Driving patient centricity by optimizing the patient journey to access across all rare disease programs.
While each rare disease affects less than one person in 2,000 by the EU’s definition, the existence of over 10,000 such conditions means that more than one in 17 may be affected overall. Rare diseases can bring huge quality of life impacts and burdens on patients and their families which need to be taken into account throughout clinical development. On average it takes 5 years for a patient to receive a diagnosis, if a diagnosis is made at all. When there is delayed diagnosis or no diagnosis the patient has no entry into the healthcare system and are often moved from practitioner to practitioner becoming an expert in their own condition. Patient-centric approaches to rare disease drug development are essential, given that patients are often the people who have the most experience with these diseases, where there is often limited knowledge on the condition itself.
In order to address this and keep the patient journey at the center of all we do at Bionical Emas, we have developed a unique approach to rare diseases. This approach consists of 3 core pillars, patient centricity, a customized design and evidence generation.
Rare disease clinical trials can present unique challenges with small patient populations spread over large geographical locations and limited sites with the relevant clinical and research expertise. These challenges can be overcome by engaging with the clinical and patient community as early as possible in the clinical development process and designing a customized operational model that will reduce patient and healthcare professional burden and maximize recruitment and retention.
Engaging with the community, mapping the patient journey and defining patient support needs to reduce patient burden is central to our approach to delivering successful rare disease clinical trials. Bionical Emas are founding members of the Decentralized Trials and Research Alliance and have an established network of specialized partners that we work with to provide customized solutions to rare disease clinical development programs.

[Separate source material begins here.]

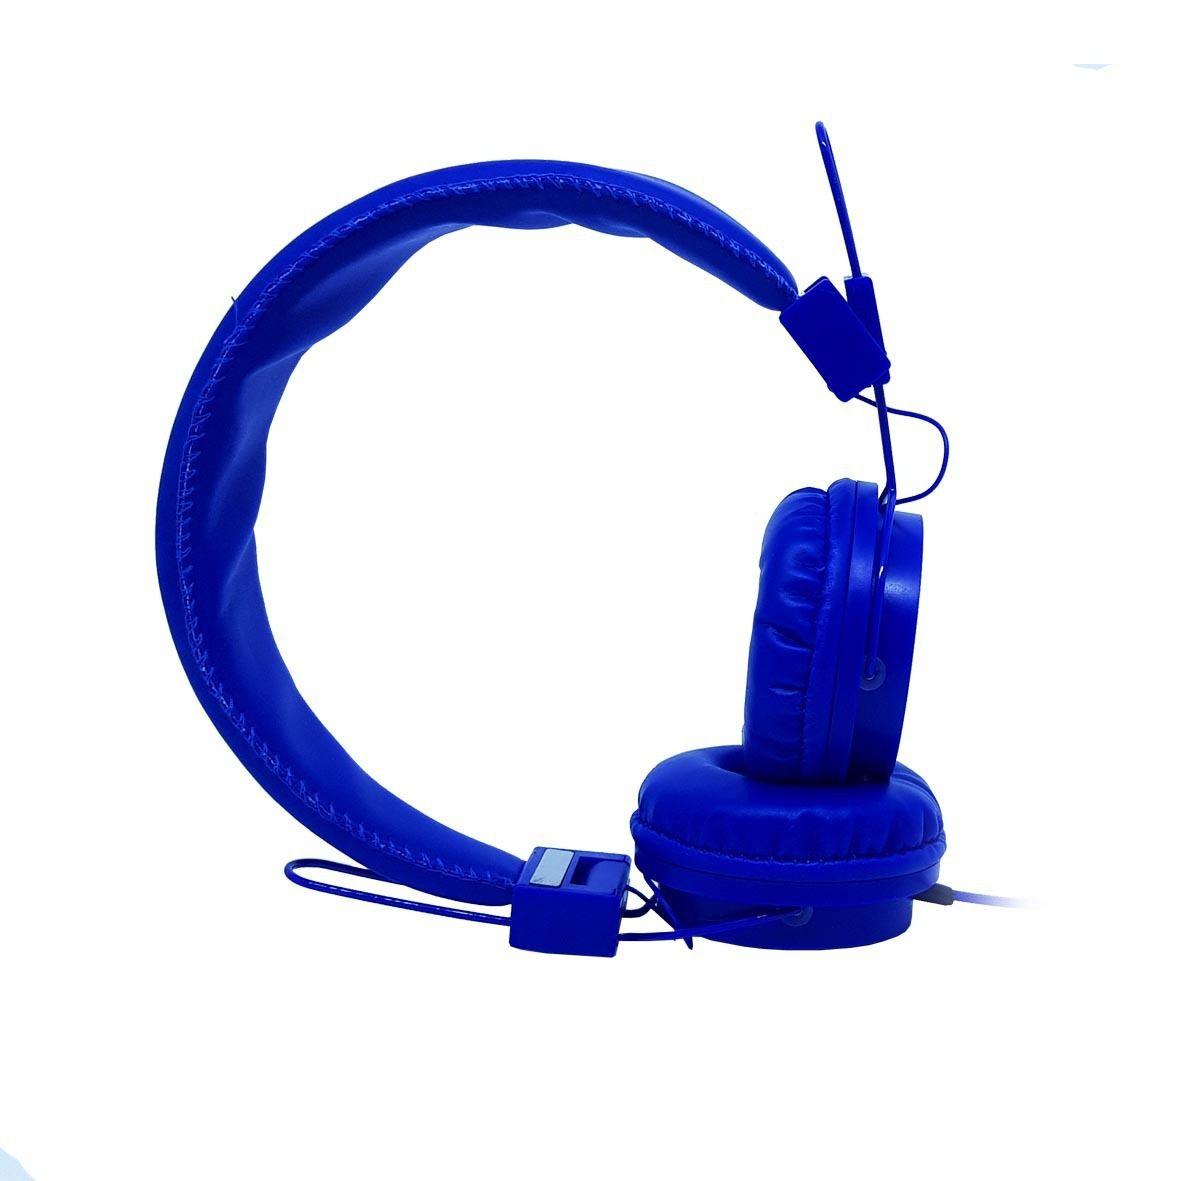 Fone de Ouvido com fio Altomex- A865

Our unique approach to rare disease Early Access Programs (EAPs) consists of three core pillars: patient centricity, a customized design and evidence generation. The team take the time to understand the complexities of each disease area to ensure the patient journey is considered at all stages, so that the delivery of the program can be customized accordingly, keeping the patient at the center of all that we do.
Our global Patient Advocacy Team has established relationships within the patient advocacy community who we can partner with to provide guidance on the patient journey and additional resources that may be relevant. For previous EAPs, this has included creating external communication plans, lay language materials, FAQs and training resources for complex treatments.
With an appreciation that clinical data is often limited in the rare disease space, the Rare Disease Team work closely with the Real World Data Team to facilitate engagement with healthcare professionals and patient advocacy groups to obtain input on potential data points and appropriate data collection methods to minimize the potential burden.
Given the many complexities that surround drug development and access to treatments for rare diseases, there is often a need to consider bioethical questions. To address this need, Bionical Emas has built access to independent bioethical guidance into our rare disease offering.
Our dedicated Rare Disease Team consists of Global Patient Advocacy and Rare Disease Insights Specialists who drive our strong focus on patient centricity and customize clinical development programs, to ensure they are carefully designed to meet the nuances and requirements that a rare disease can present.